Experiments and Limitations

The authors evaluated performance under strong threat models after performing PGD adversarial training.

Successful defense: On the MNIST dataset trained with perturbation budget $\epsilon=0.3$, the model achieved over 89.3% robustness even against the strongest white-box attacks. The CIFAR-10 model trained with $\epsilon=8$ also achieved an unprecedented defense rate of over 64% against black-box transfer attacks. These results held even against the optimization-based Carlini-Wagner (CW) attack.
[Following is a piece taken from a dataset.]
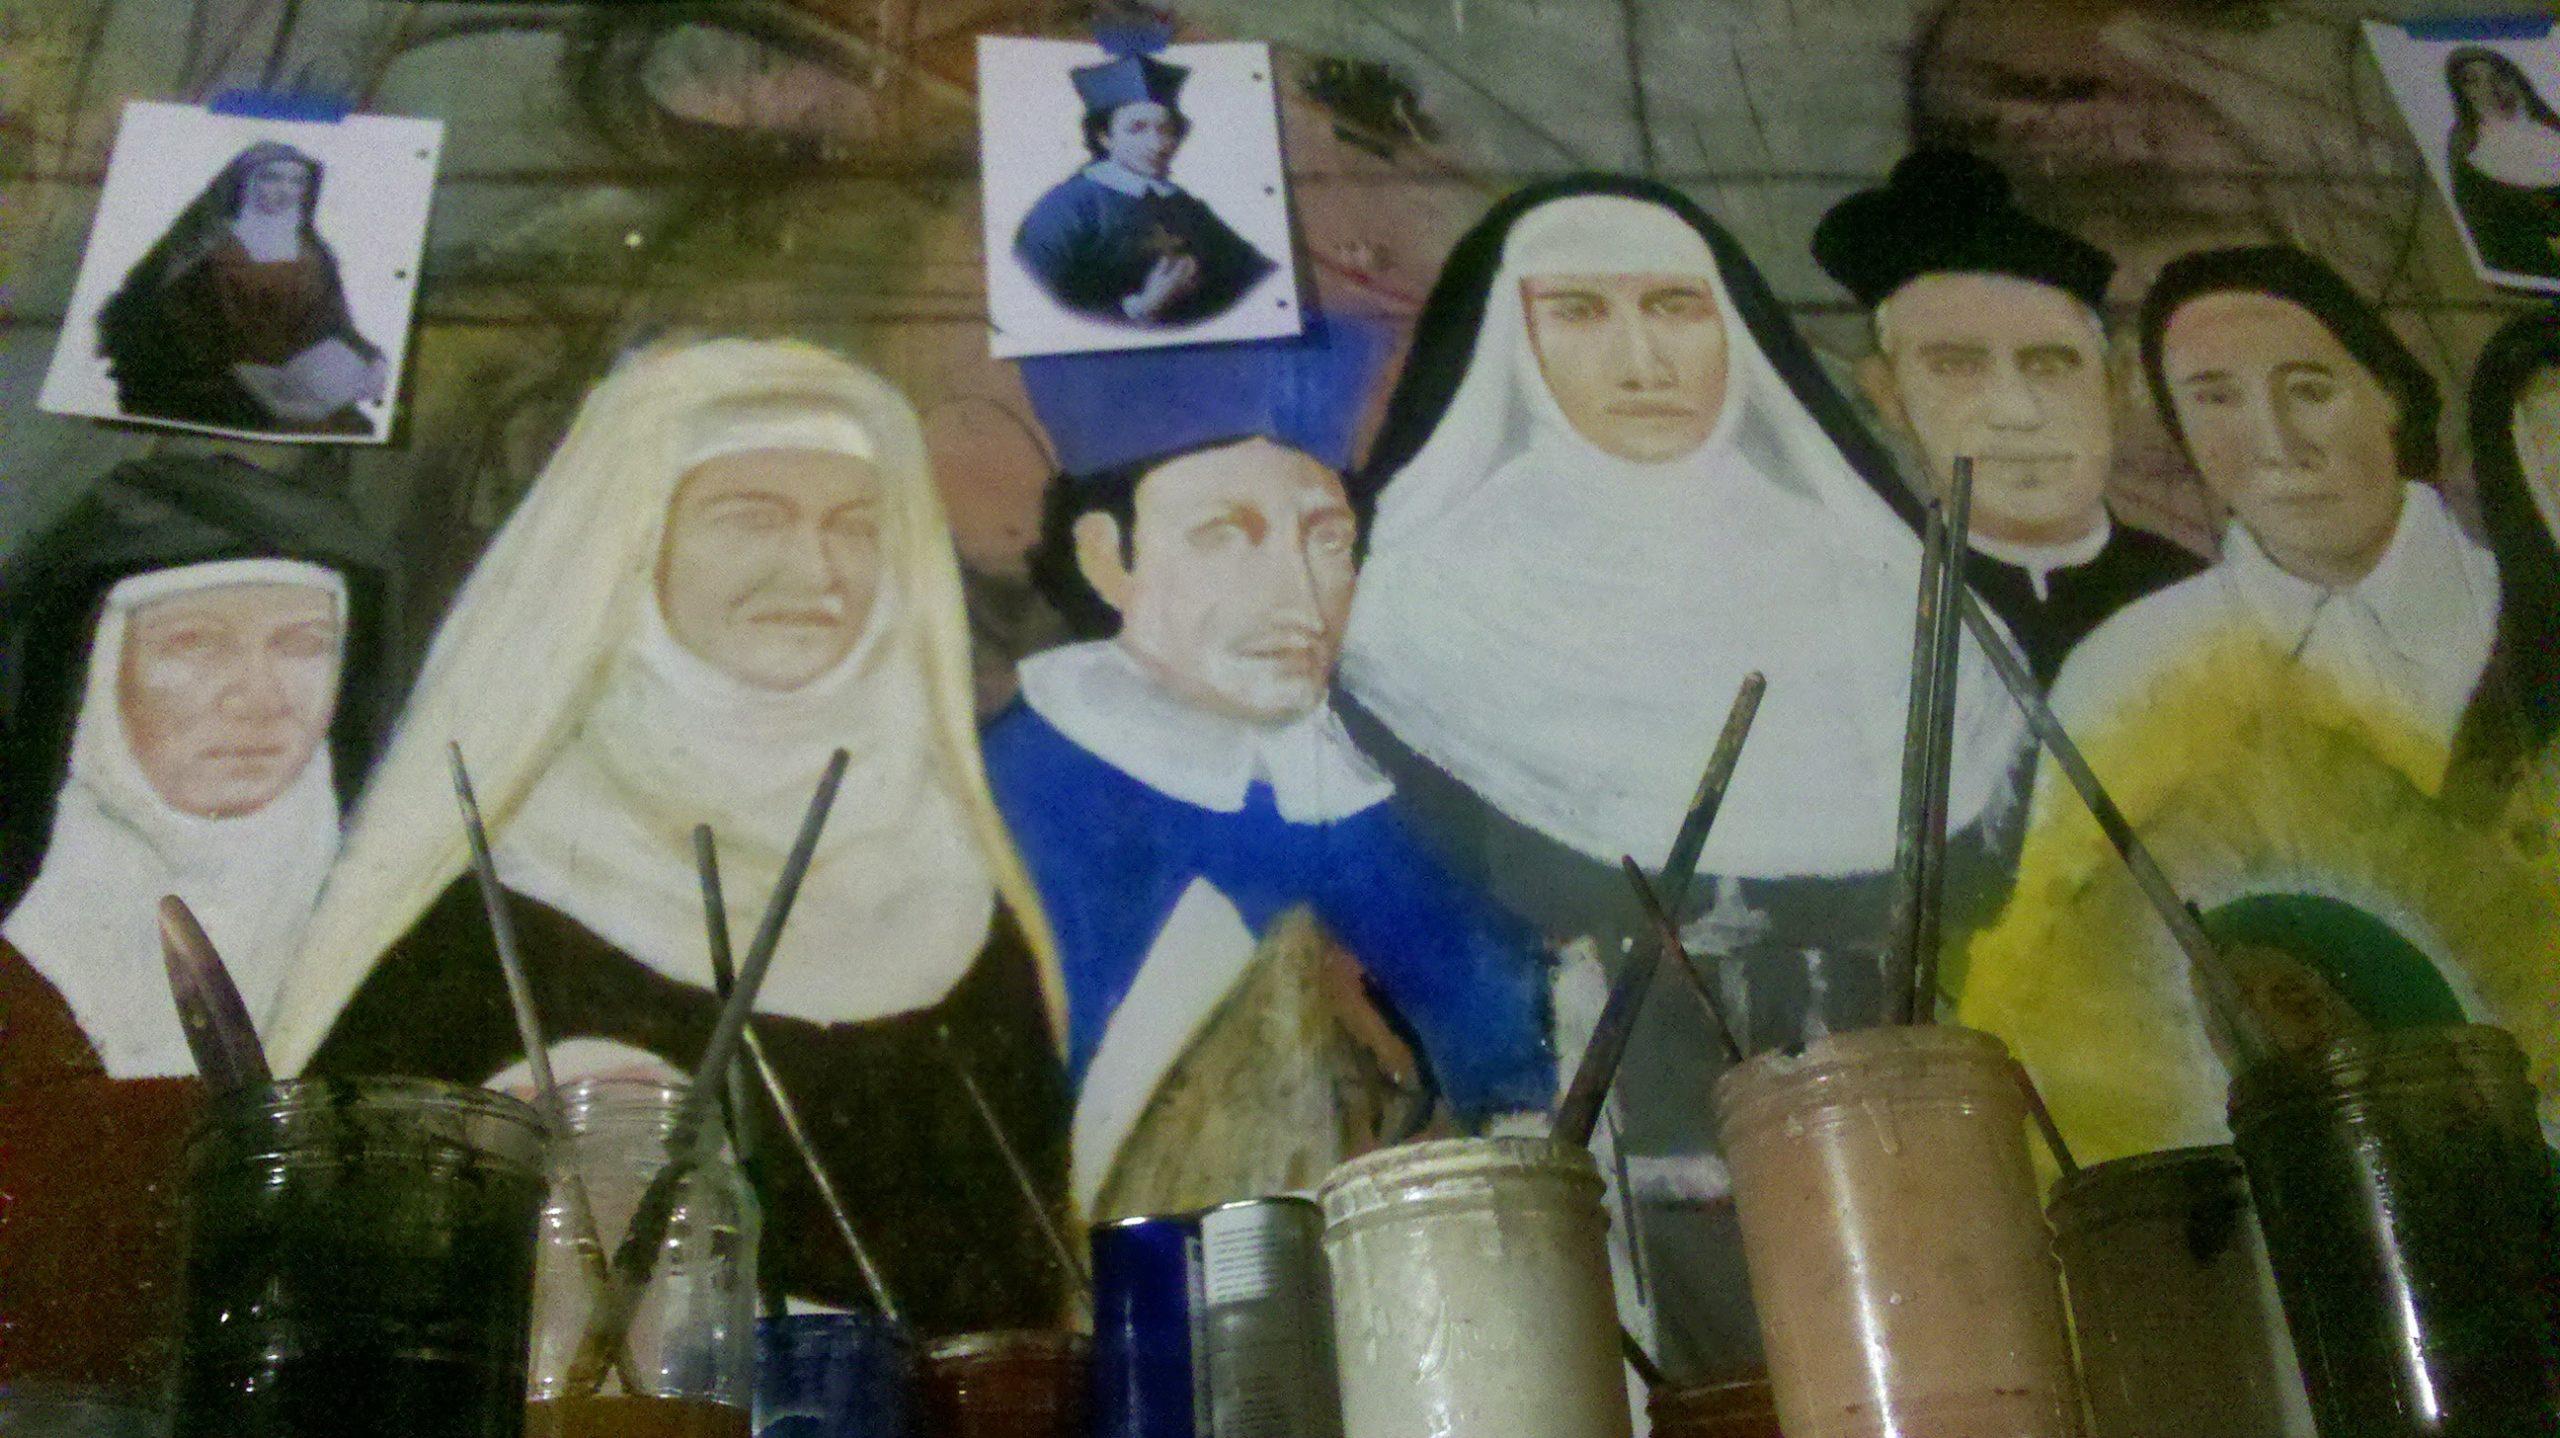 Sacred Historians Mural

Gradient Masking and Limitations

However, the paper also clearly acknowledges the limitations of this methodology. When a model trained under the $l_\infty$ norm constraint faced $l_2$ norm-based attacks, it initially appeared robust, but this was because the thresholding filters induced gradient masking, interfering with gradient-based computations. When decision-based attacks that do not use the model’s gradients were applied, the defense against $l_2$ attacks was revealed to be considerably weak.

In conclusion, this paper demonstrated that the seemingly infinite search space of adversarial attacks is actually controllable from a first-order optimization perspective, and proved that the combination of a strong PGD adversary with sufficient network capacity is the key to achieving fundamental adversarial robustness in deep learning models.